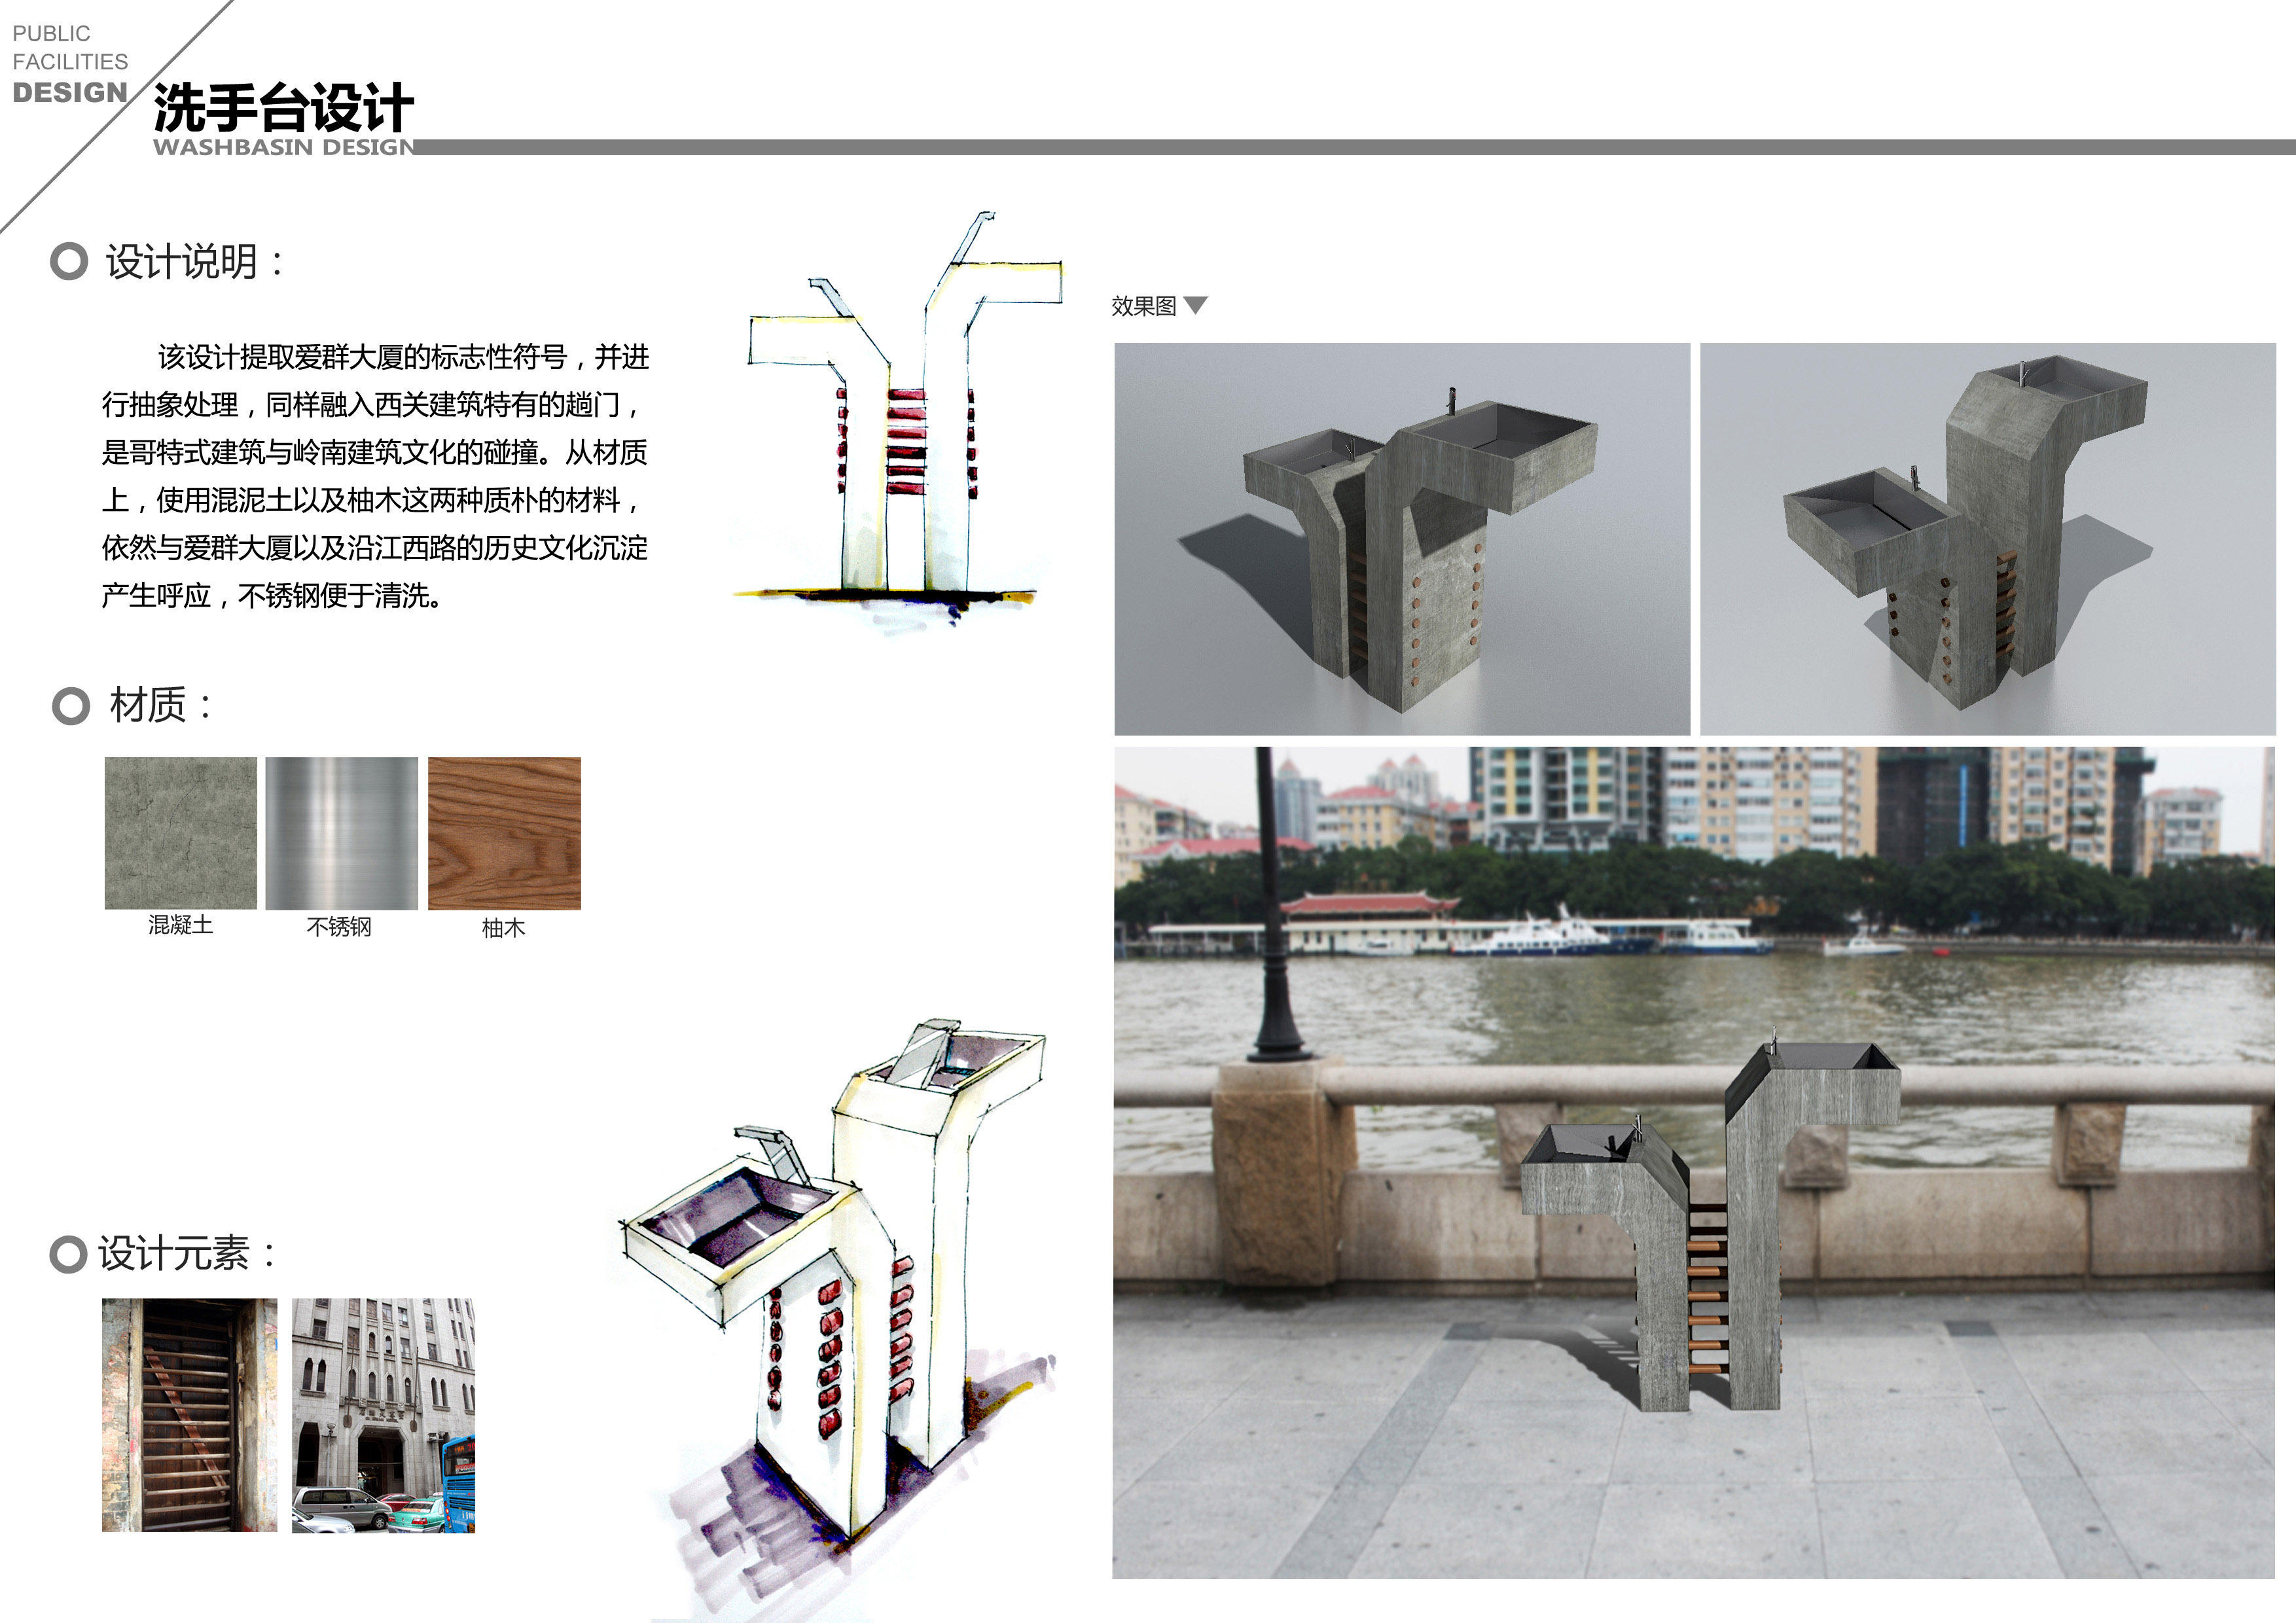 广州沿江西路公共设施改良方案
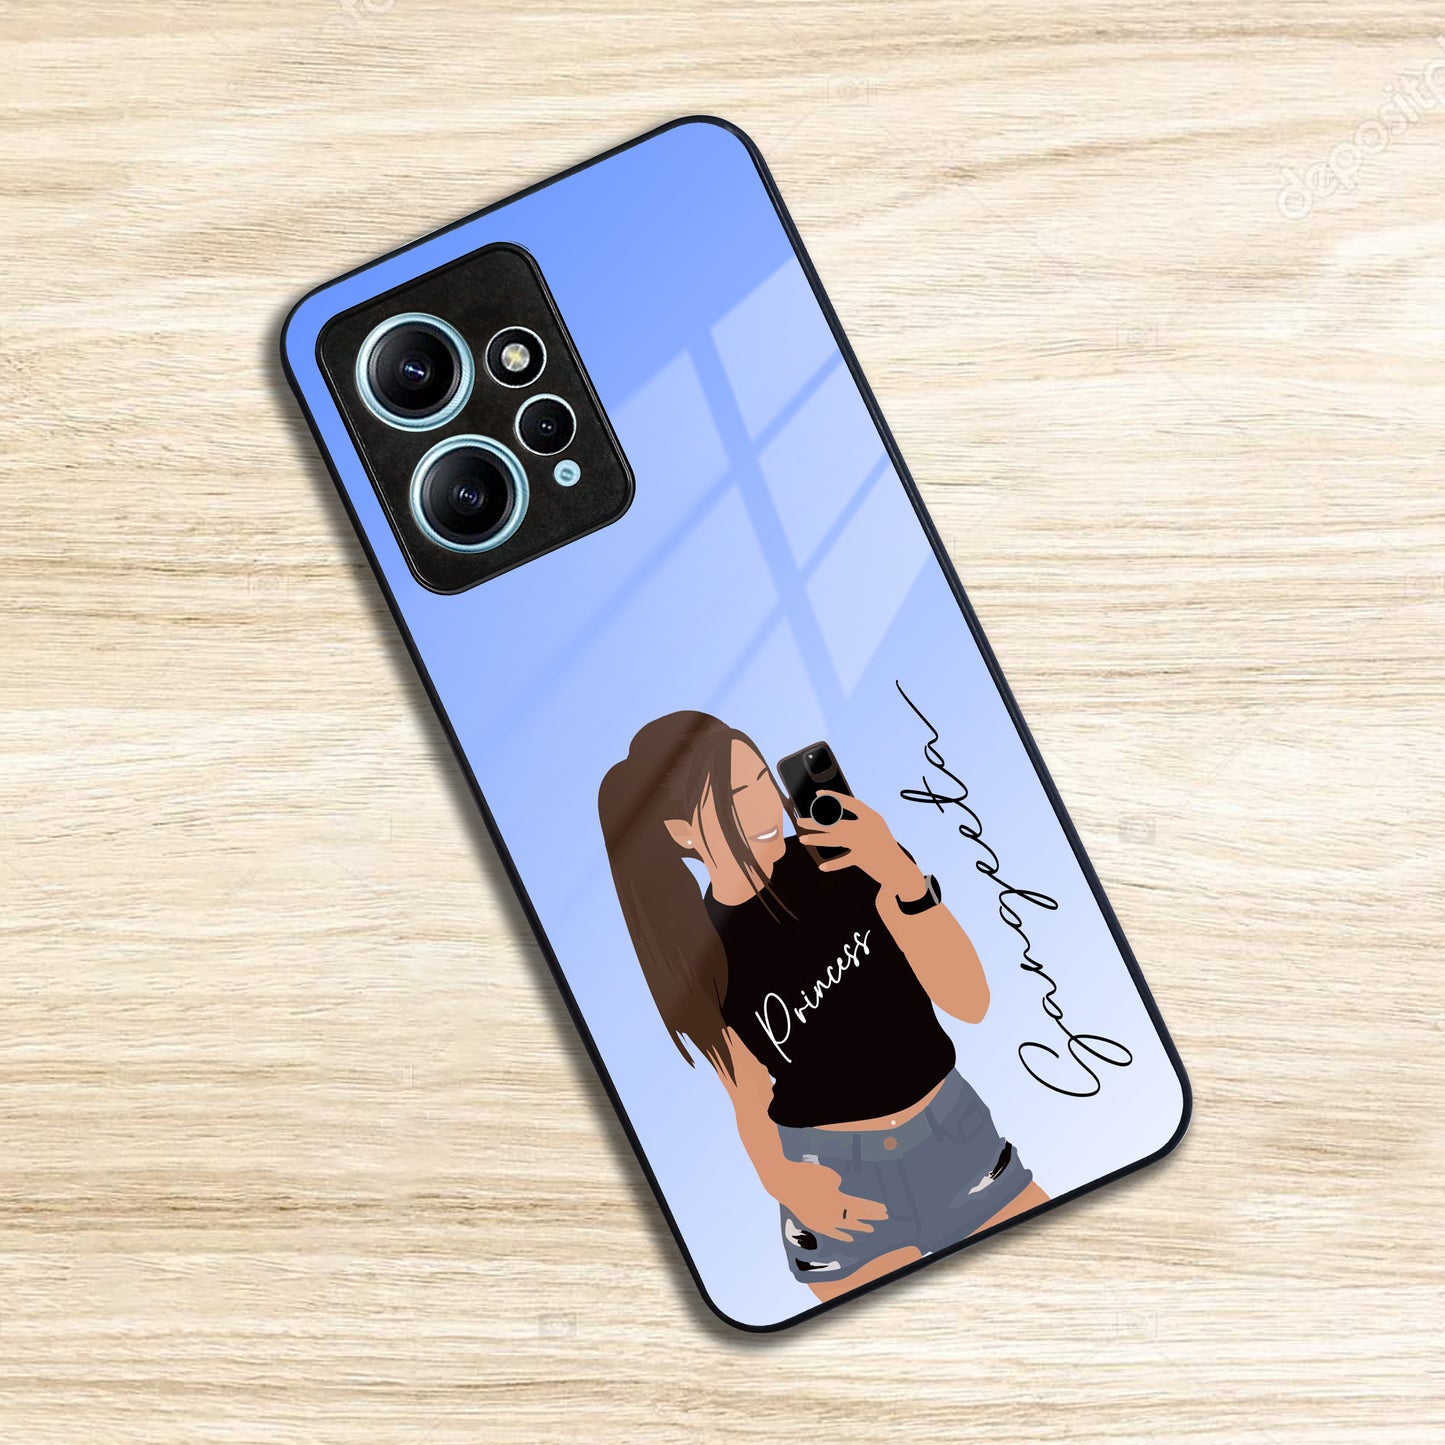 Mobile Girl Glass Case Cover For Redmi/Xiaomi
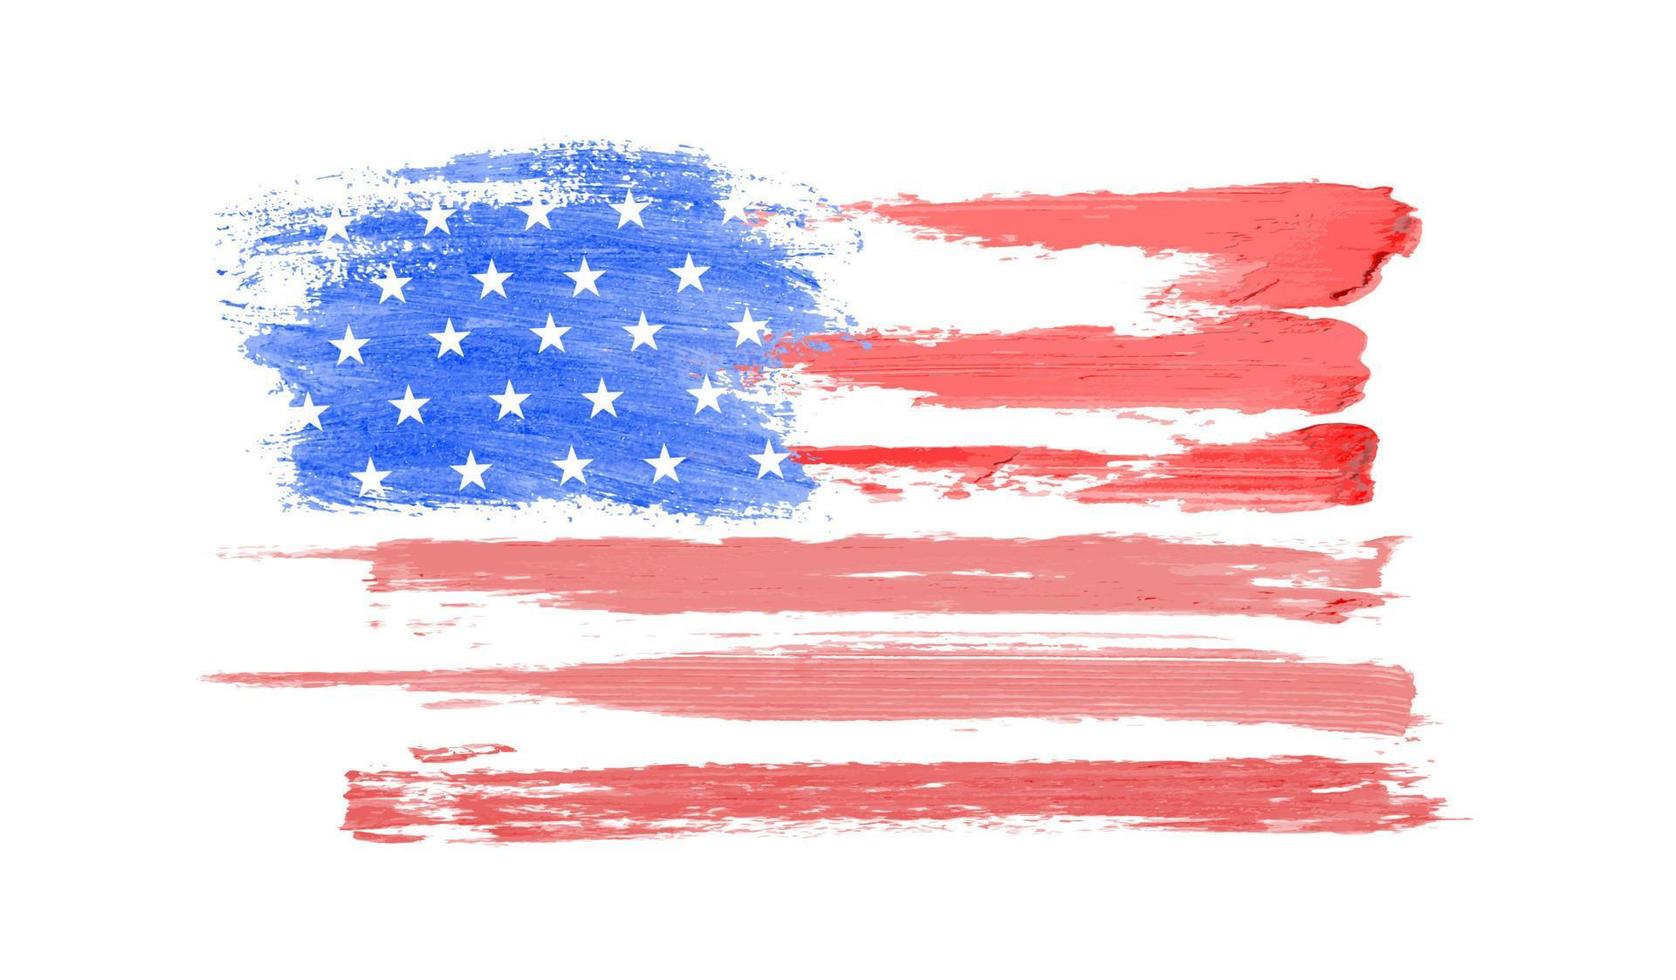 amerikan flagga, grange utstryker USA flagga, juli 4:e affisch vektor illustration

# Task requirements:
Would you copy out every line of the data above exactly, minus the pictures?

# Response for this exercise:
 广州沿江西路公共设施改良方案
 Mobile Girl Glass Case Cover For Redmi/Xiaomi
 amerikan flagga, grange utstryker USA flagga, juli 4:e affisch vektor illustration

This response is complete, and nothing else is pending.